Execute this code on your local computer to execute main.py remotely on the LUMI supercomputer.

mkdir test; cd test
pollinator new -n lumi-std
echo "print('LUMI Supercomputer says Hi!')" > ./cfs/src/main.py
pollinator run --follow
Uploading main.py 100% [===============] (143 kB/s)
INFO[0000] Process submitted               ProcessID=4ca07ca99b670e4758fd587bab6adb4322189e6f3237c816588a4715a1bc34d9
INFO[0000] Follow process at https://dashboard.colonyos.io/process?processid=4ca07ca99b670e4758fd587bab6adb4322189e6f3237c816588a4715a1bc34d9
LUMI Supercomputer says Hi!
INFO[0007] Process finished successfully   ProcessID=4ca07ca99b670e4758fd587bab6adb4322189e6f3237c816588a4715a1bc34d9

What is Pollinator?

  • Pollinator is a tool built ontop of ColonyOS designed to simplify and streamline job execution across platforms, e.g executing AI computations on HPC, Edge, or Kubernetes platforms. Pollinator is also designed to ensure uniform and portable workload execution across these diverse platforms.

  • Pollinator uses ColonyOS to run batch jobs over a network of loosely-connected and geographically disperse Executors. These Executors, after receiving jobs assignment from a Colonies server, transform the job instructions (so-called function specifications) into a format that is compatible with the underlying system they're connected to, whether it's Kubernetes (K8s) or Slurm. On HPC systems, Docker containers are automatically converted to Singularity containers.

  • Pollinator significantly simplifies interactions with HPC or Kubernetes systems. For instance, it completely eliminates the need to manually login to HPC nodes to run Slurm jobs. It seamlessly synchronizes and transfers data from the user's local filesystem to remote Executors, offering the convenience of a local development environment while harnessing powerful supercomputers and cloud platforms.

  • With Pollinator, users are no longer required to have in-depth knowledge of Slurm or Kubernetes systems, speeding up development and making powerful HPC systems available to more people.

Architecture

How does it work?

Pollinator assumes the existance of the directories in the table below.

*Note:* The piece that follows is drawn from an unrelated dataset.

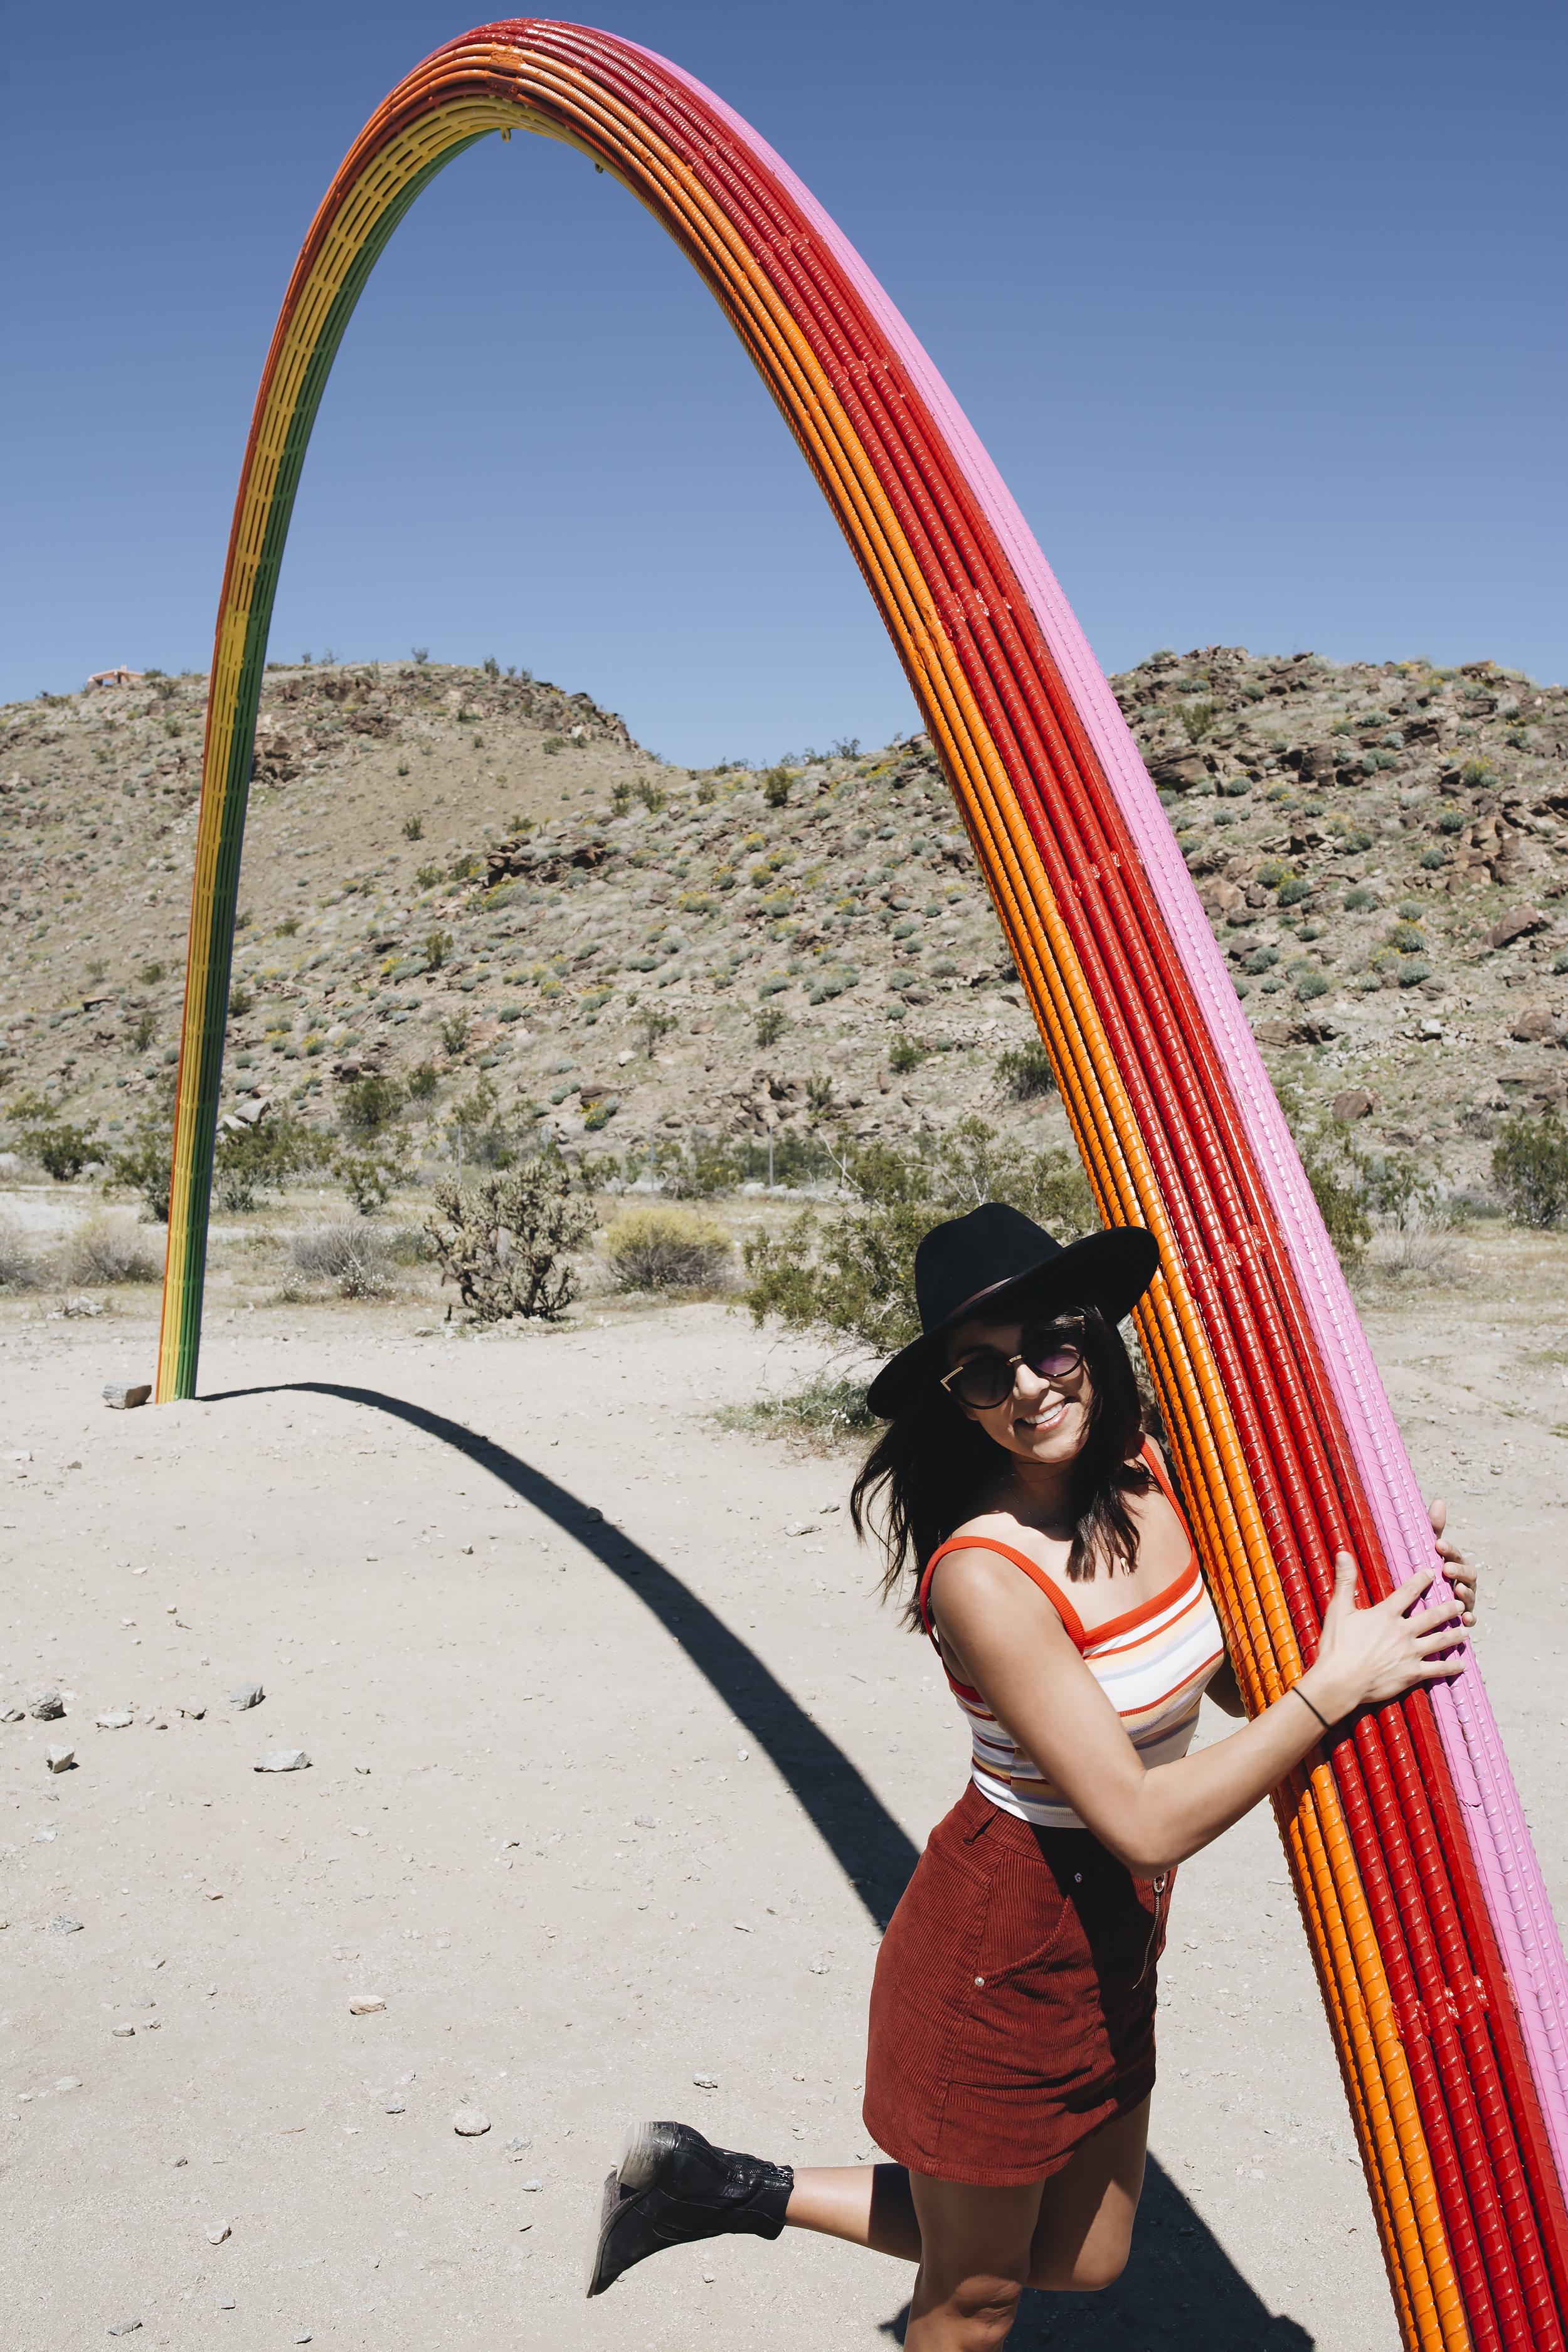 chrissihernandez-california-palmsprings-desertx-loversrainbow (22)copy2500.jpg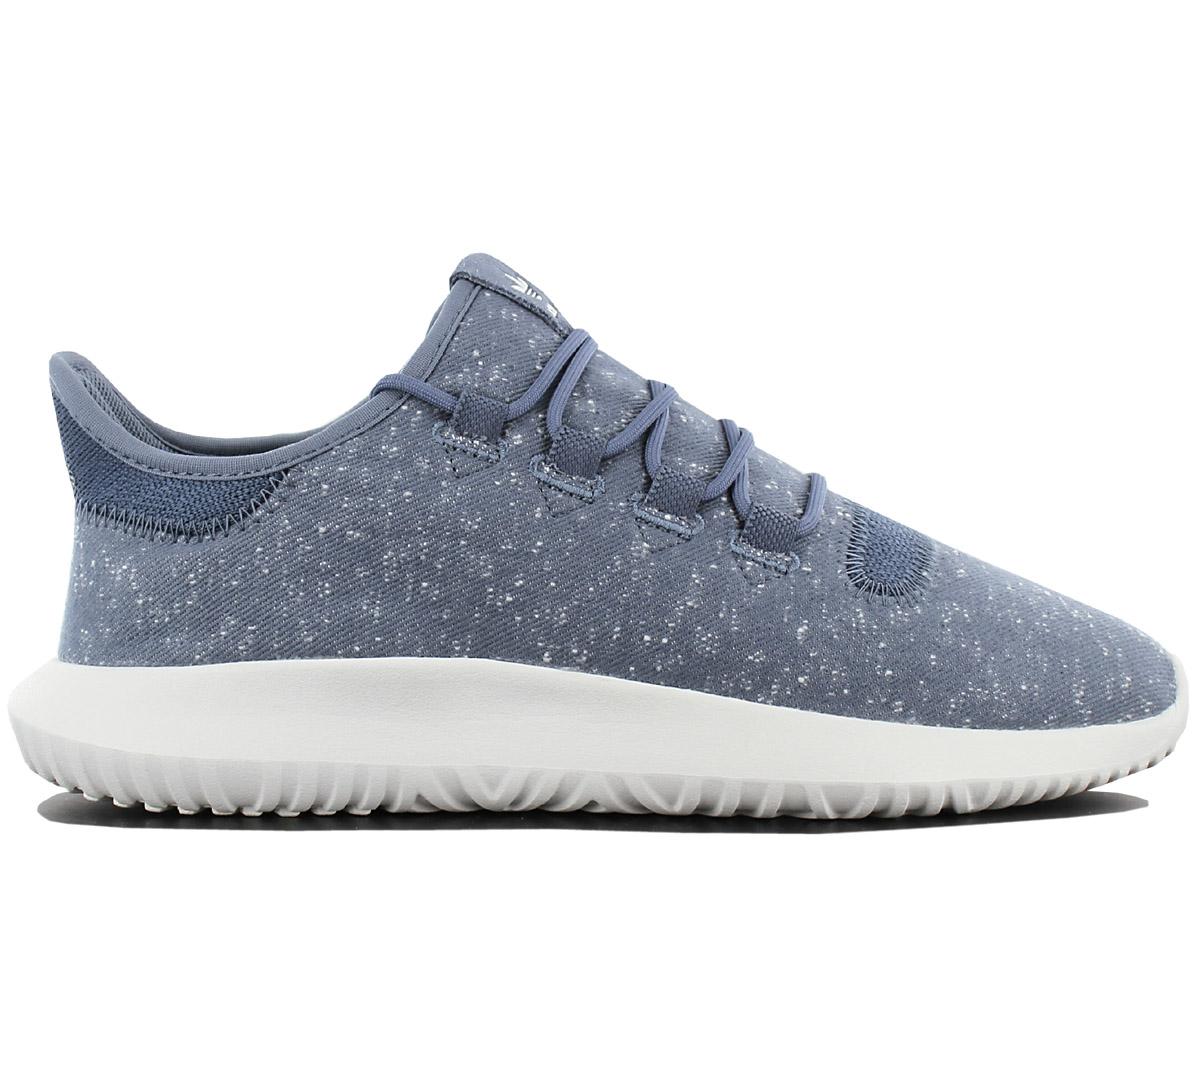 37bfa0fcc3746 Adidas Originals Tubular Shadow Trainers Shoes Blue Sneakers Leisure ...

Directory Purpose Synchronizion strategy
./cfs/src Contains source code or binaries to be executed Will be synchronized from local computer to remote executor before execution
./cfs/data Datasets or other data is stored here Will be synchronized from local computer before execution, but not removed after job completion
./cfs/result Produced data can be stored here. Will be synchronized from remote executor to local computer after execution

When running a job, Pollinator does the following:

  1. Synchronize the source, data, and result directories to the ColonyOS meta-filesystem.
  2. Generate a ColonyOS function specification based on the project.yaml file.
  3. Automatically generate and submit a ColonyOS function specification to a Colonies server.
  4. If the job is assigned to an HPC Executor:
    1. Pull the Docker container to the HPC environment, and convert it to a Singularity container.
    2. Synchronize the source, data, and result directories to make project file accessible on the remote HPC environment.
    3. Generate a Slurm script to execute the Singularity container, including binding the source, data, and result directories to the container.
    4. Execute and monitor the Slurm job, including uploading all standard outputs and error logs to a Colonies server.
    5. Close the process by making a request to the Colonies server.
  5. If the job is assigned to a remote Kubernetes Executor:
    1. Synchronize the source, data, and result directories to a shared Persistent Volume.
    2. Generate and deploy a K8s batch job.
    3. Monitor the execution of the batch job, including uploading logs to a Colonies server.
    4. Close the process by making a request to the Colonies server.

Example

Let's run some Python code at the LUMI supercomputer in Finland. First, we need to generate a new Pollinator project. The example assumed that ColonyOS credentials (private keys and S3 keys) and configurations are available as environmental variables. It also assumes the existance of an HPC Executor named lumi-standard-hpcexecutor, connected to the LUMI standard CPU partition.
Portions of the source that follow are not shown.